- Born: Rochelle Lynne Chaiken 1949 (age 76–77)
- Education: University of Massachusetts Amherst
- Scientific career
- Fields: Social psychology
- Thesis: The use of source versus message cues in persuasion (1977)
- Doctoral advisor: Alice Eagly

= Shelly Chaiken =

American social psychologist

Rochelle Lynne "Shelly" Chaiken (born 1949) is an American social psychologist. She first received her BS from the University of Maryland, College Park in 1971 for mathematics. She later earned her MS (in 1975) and her PhD (in 1978) at the University of Massachusetts Amherst in social psychology. She was a professor of psychology at New York University, but is now retired.
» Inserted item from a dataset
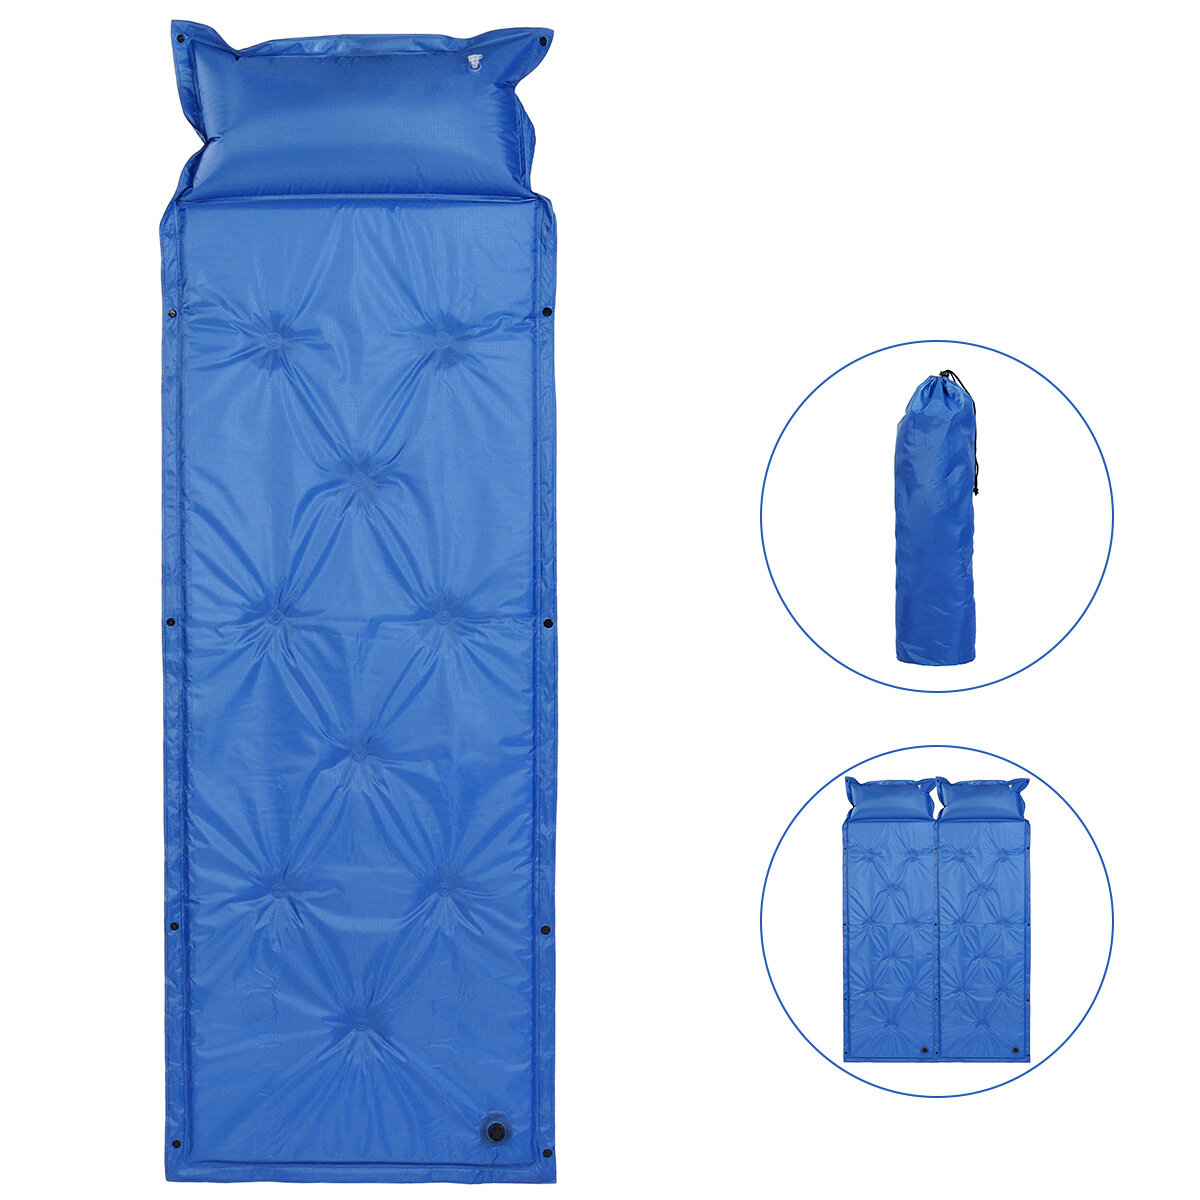 Kendinden şişmeli yatak uyku matı hava yatağı kamp yürüyüş katılabilir tek kişilik uyku pedi için kamp çadırı
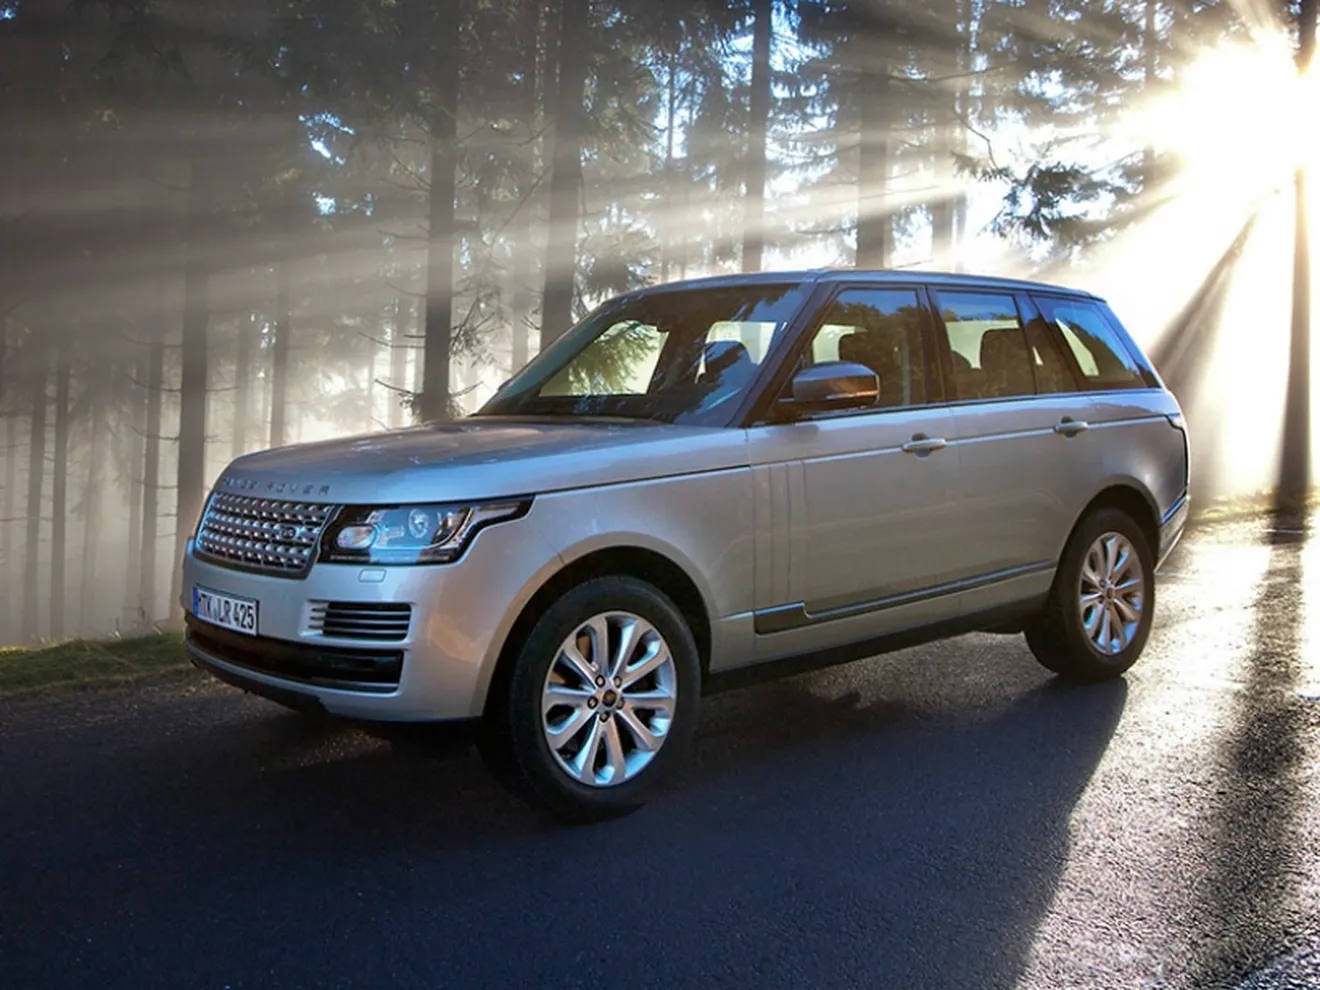 Range Rover y Range Rover Sport 2015, precios oficiales para España

Chaiken is a member of many psychological organizations including the Society of Experimental Social Psychology, the American Psychological Association (Fellow, Div. 8), and the American Psychological Society.

== Research ==
She completed work involving attitude, persuasion, and social cognition and is most well-known for the developing the heuristic-systematic model of information processing.
Chaiken completed a study researching interracial contact. The study found that participant who were exposed to more white faces in a positive way, had a more negative view or increased prejudice toward black faces.
Chaiken edited many psychological books including Attitude Research in the 21st Century: The Current State of Knowledge, and Dual-Process Theories in Social Psychology.
Dual-Process Theories in Social Psychology conglomerates the theories of informational processing in an organized way, along with reviews and research of these theories.
Much of her work involving persuasion has been helpful to conflict resolution centers and negotiations with their patients.

For her work on dual process theories of attitudes, on October 17, 2009 Chaiken was a co-recipient of the Society of Experimental Social Psychology's Scientific Impact Award, which "[h]onors the author(s) of a specific article or chapter that has proven highly influential over the last 25 years."